The coronavirus disease 2019 (COVID-19) pandemic, also known as severe acute respiratory syndrome coronavirus 2 (SARS-CoV-2), is an infectious respiratory disease caused by the virus known as COVID-19 belonging to the coronavirus family. Although COVID-19 presents tropism for the epithelial cells of the respiratory tract that express the angiotensin-converting enzyme-2 (ACE-2) receptor, patients with COVID-19 infection may present symptoms of hyper-systemic inflammation that can sometimes cause an increase in clotting, and thus predispose them to thrombotic events in both venous and arterial circulation [1]. Moreover, thrombotic complications in SARS-CoV-2 infections are an important cause of morbidity and mortality [2,3].

This thrombogenicity is thought to be secondary to a process of systemic inflammation, platelet activation and endothelial dysfunction [4].

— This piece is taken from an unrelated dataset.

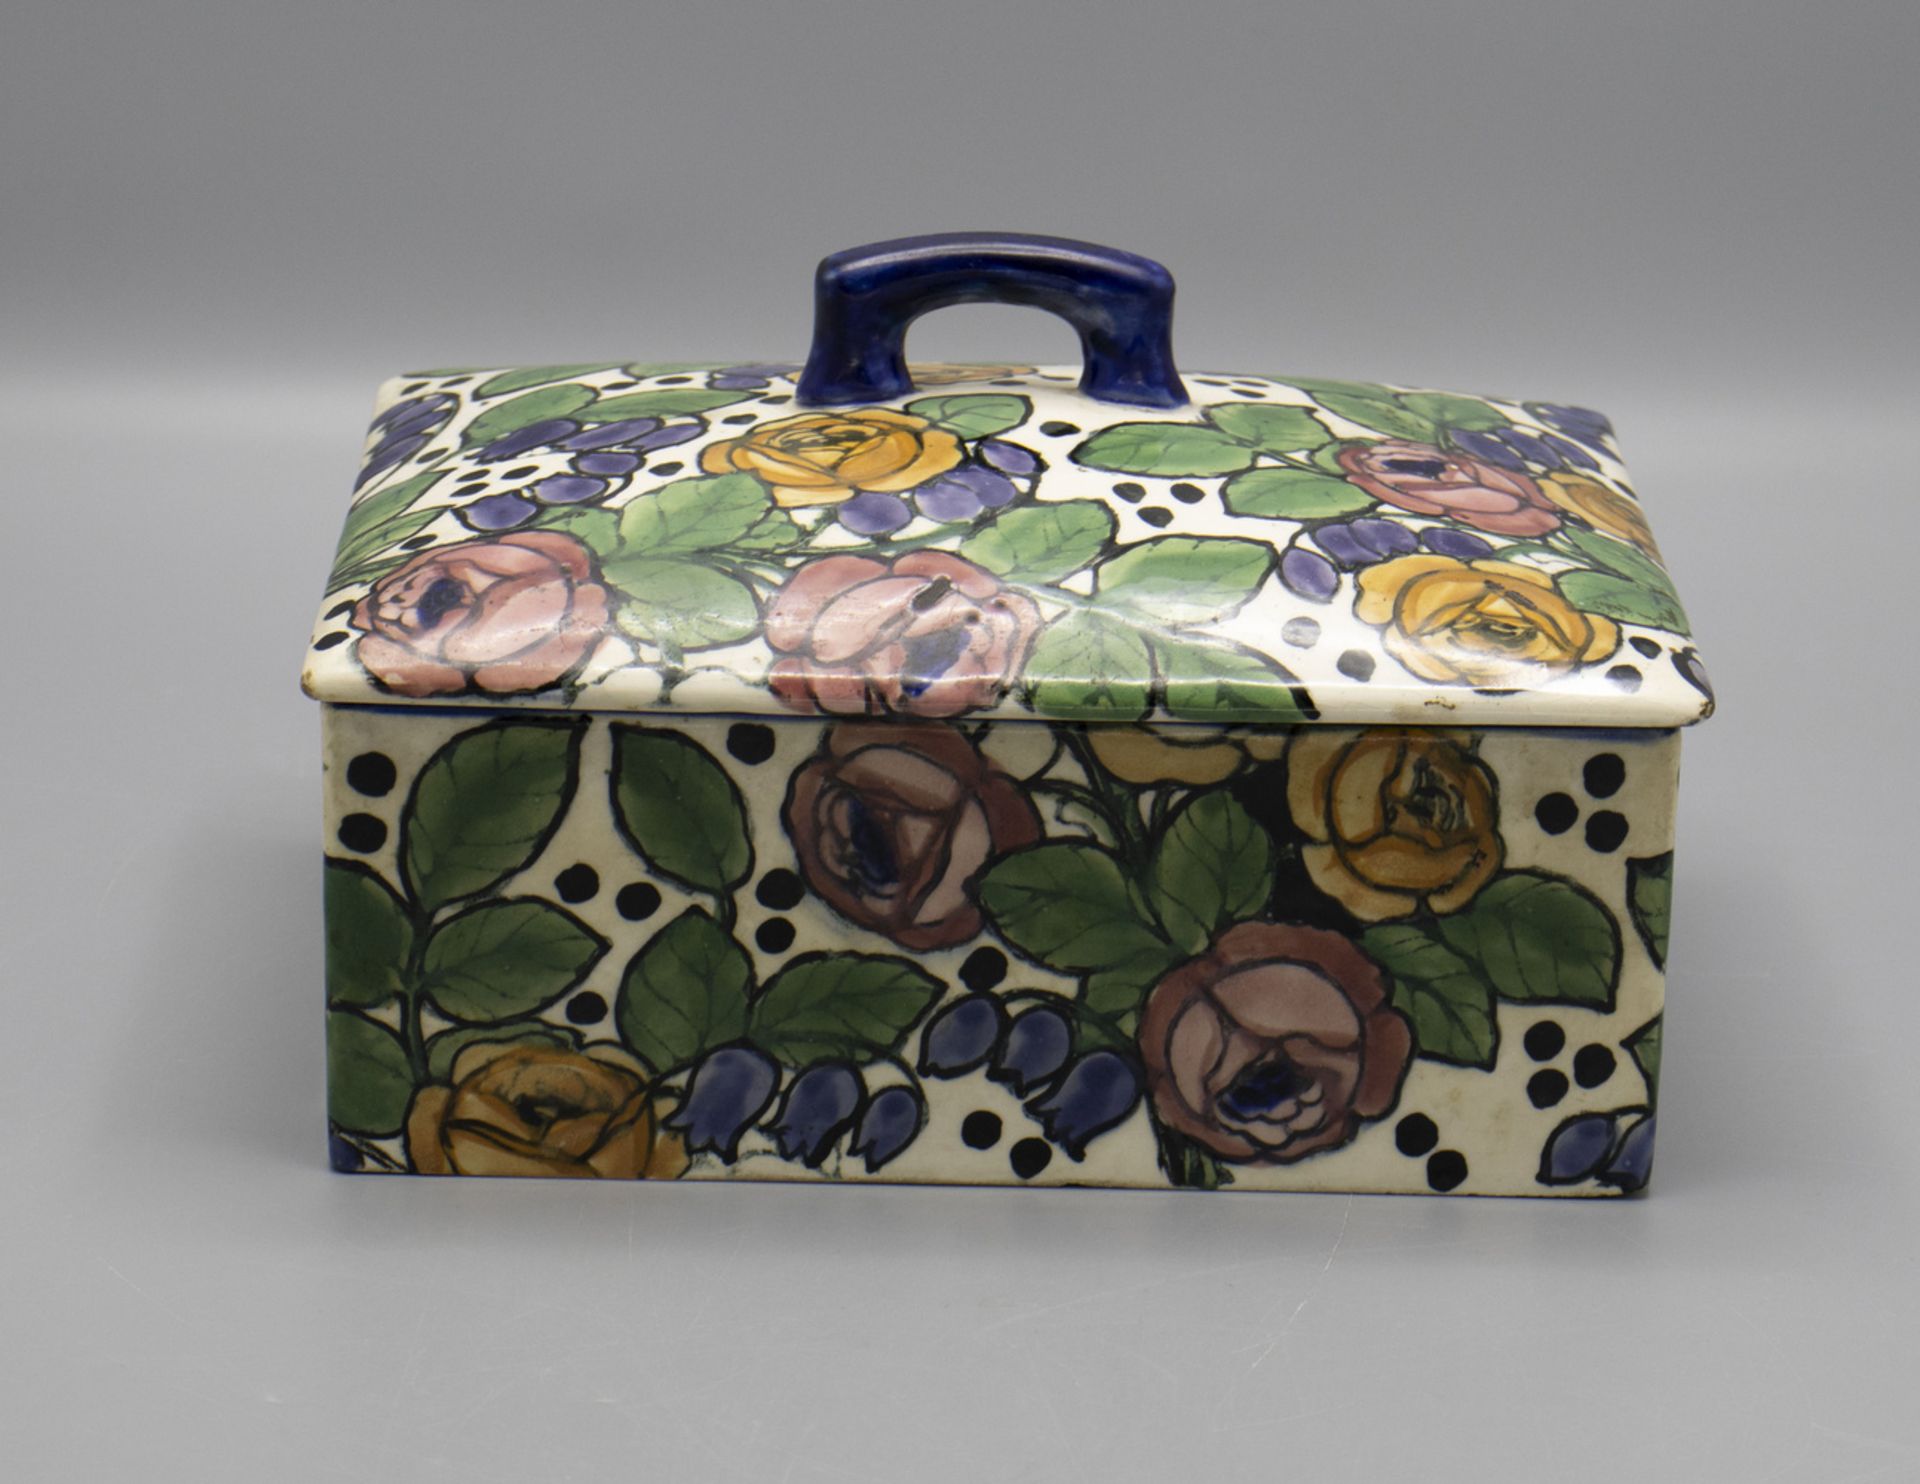 Keramik Deckeldose / A ceramic lidded box, um 1900

A wide variety of studies show the impaired haemostatic balance in SARS-CoV-2 infection, both in hypercoagulation and hypofibrinolytic states [5-8]. Unfortunately, the mechanisms underlying the haemostatic disorders associated with SARS-CoV-2 infection are not yet completely defined.

A severe inflammatory response to the virus, known as "thrombus inflammation” [2], was confirmed in other coronavirus infections, such as severe acute respiratory syndrome coronavirus 1 (Sars-Cov-1) and Middle-Eastern respiratory syndrome (MERS) [9].

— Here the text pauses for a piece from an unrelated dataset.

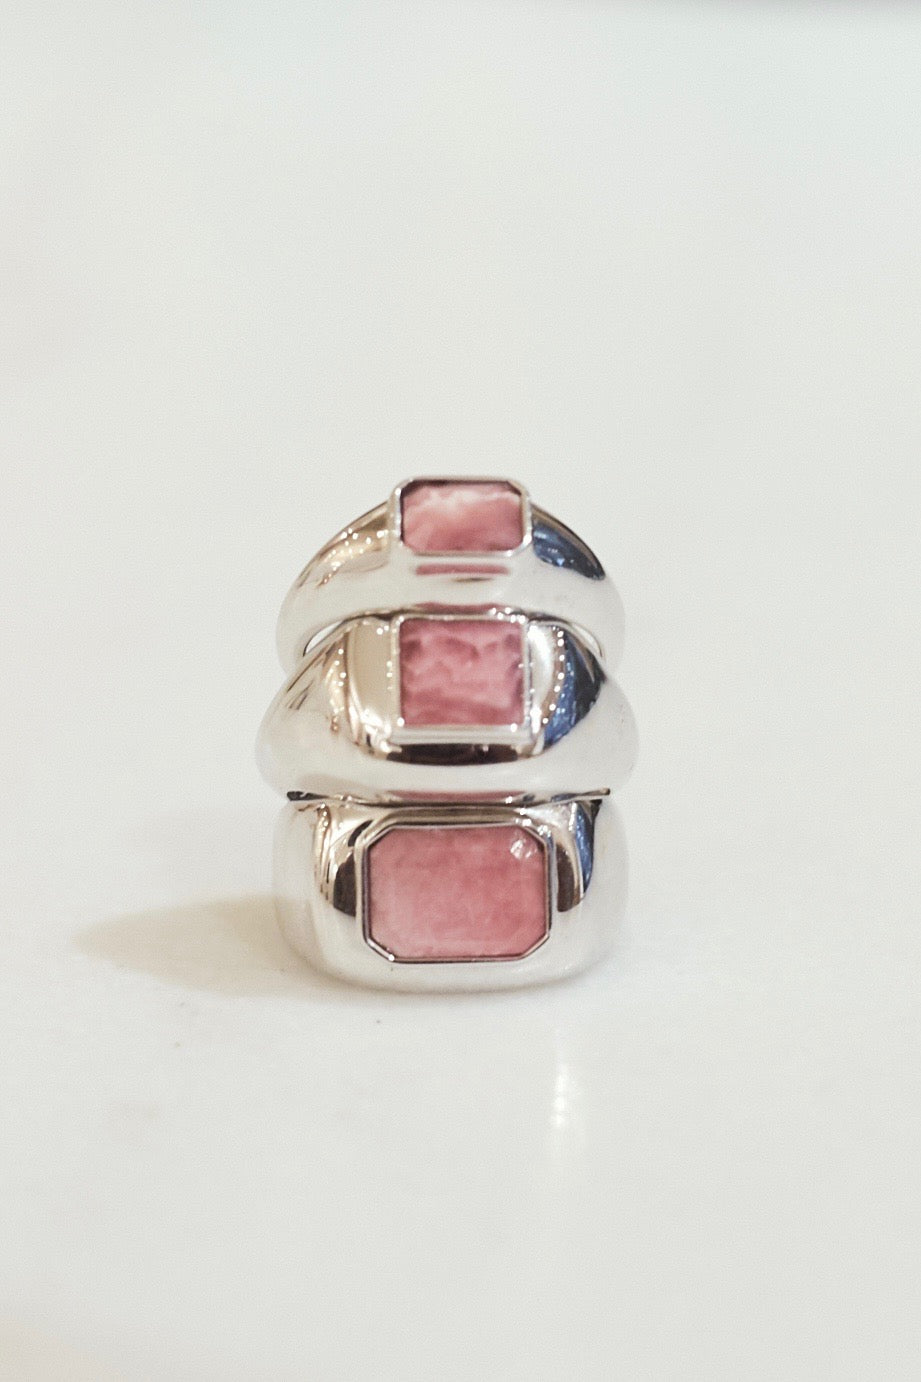 Medium Ring in 18k White Gold & Pink Marble Stone

The intense inflammatory response can also cause widespread endothelial damage. It is currently unknown whether the virus has a direct effect on platelet activity [10-11].

Endothelial damage causes the exposure to subendothelial collagen and tissue factor (TF), which, together with the von Willebrand factor (vWF), leads to the activation of the coagulation cascade and platelet adhesion pathways [12-13]. Furthermore, angiotensin II upregulates the expression of the type-I plasminogen-activator inhibitor (PAI-1) in endothelial cells [14], thus creating a prothrombotic condition.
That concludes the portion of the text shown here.